Need to create a jsonl file on python according to certain format

Hi,
I need to create a jsonl file on Python which AutoML Natural Language Entity Extraction expects,
plz, see it below:

{
  "annotations": [
     {
      "text_extraction": {
         "text_segment": {
            "end_offset": number, "start_offset": number
          }
       },
       "display_name": string
     },
     {
       "text_extraction": {
          "text_segment": {
             "end_offset": number, "start_offset": number
           }
        },
        "display_name": string
     },
   ...
  ],
  "text_snippet":
    {"content": string}
}

Any clues?
thanks in advance

This should hopefully be pretty straightforward – if the end offset and start offset are the character offsets into the text, those are going to be the same values you have in the "spans" added by Prodigy. Not sure what the display_name is? Is that the label? And text_snippet.content is the tasks's "text".

Maybe something like this?
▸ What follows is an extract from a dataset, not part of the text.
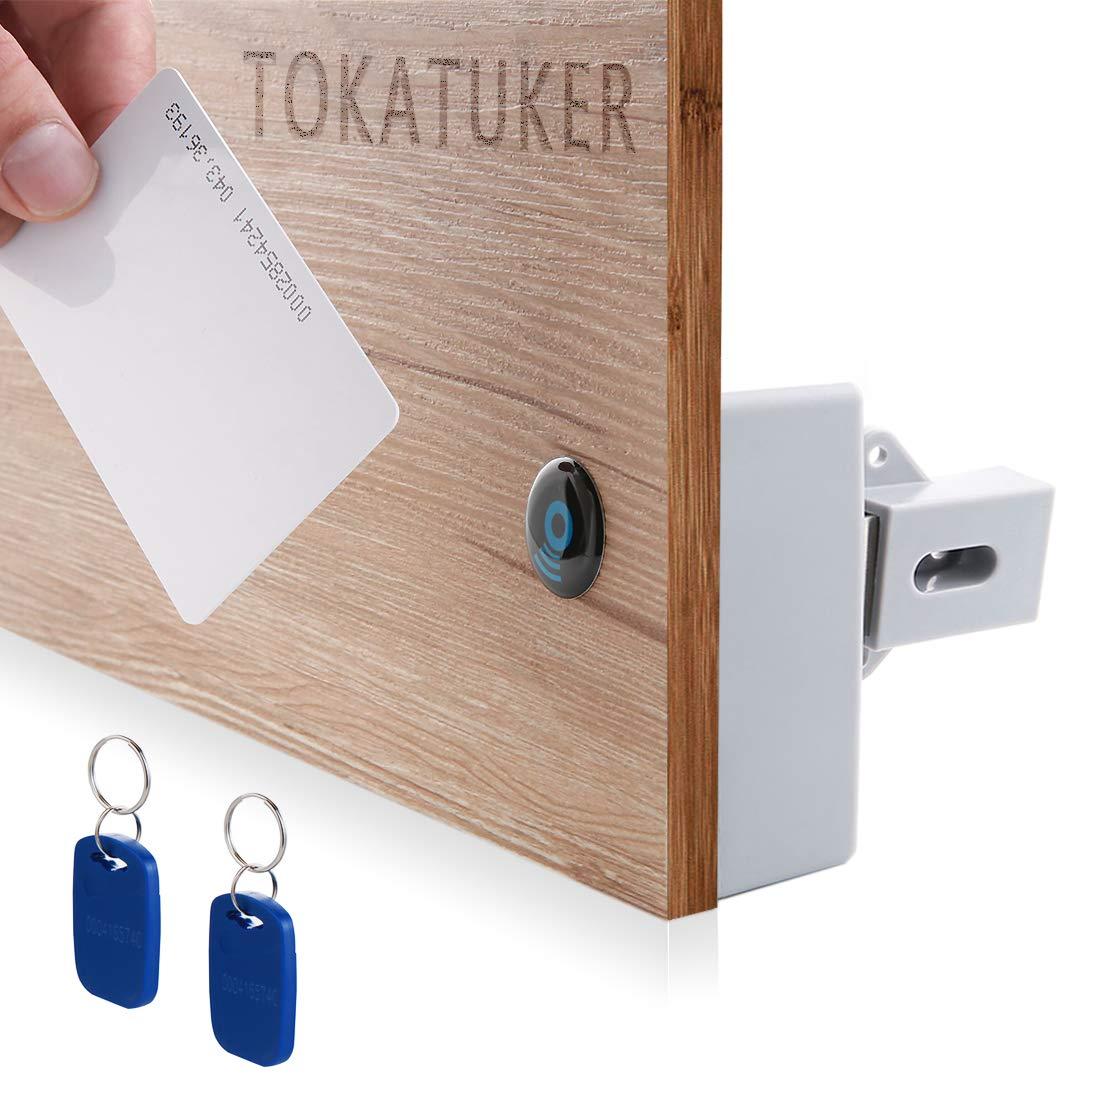 Tokatuker Rfid Electronic Cabinet Lock Hidden Diy For

Untested and you might have to fiddle around with it a bit ot get the format and values right. But it shouldn't be too hard.
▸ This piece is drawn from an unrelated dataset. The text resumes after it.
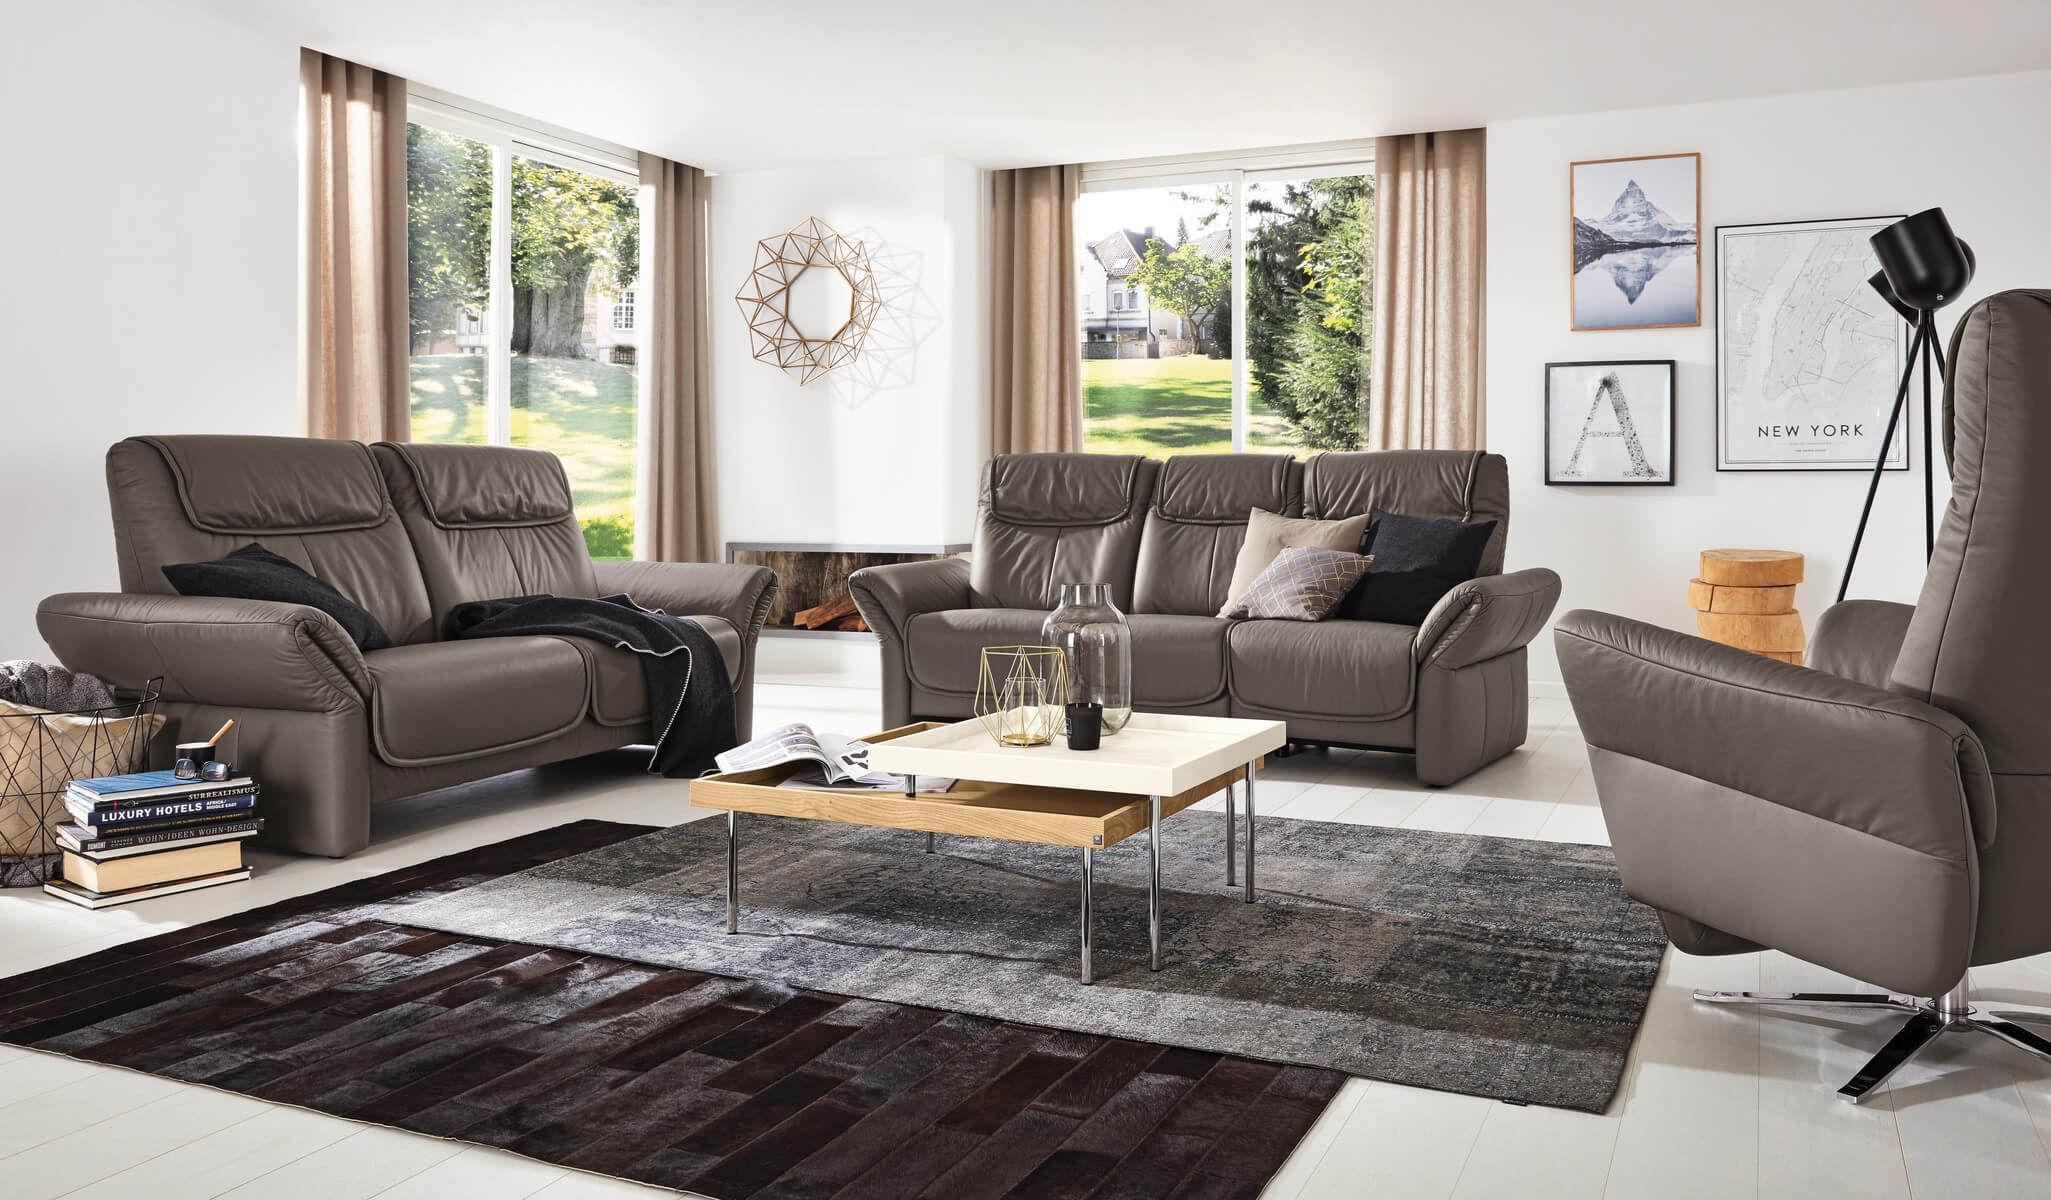 Modernes Sofa Leder Hochlehner Mr 380 Musterring

from prodigy.components.db import connect
import srsly

db = connect()
examples = db.get_dataset("your_dataset")
converted = []
for eg in examples:
    converted.append(
        {
            "text_snippet": {"content": eg["text"]},
            "annotations": [
                {
                    "text_extraction": {
                        "text_segment": {
                            "end_offset": span["end"],
                            "start_offset": span["start"],
                        }
                    },
                    "display_name": span["label"],
                }
                for span in eg.get("spans", [])
            ],
        }
    )
srsly.write_jsonl("converted.jsonl", converted)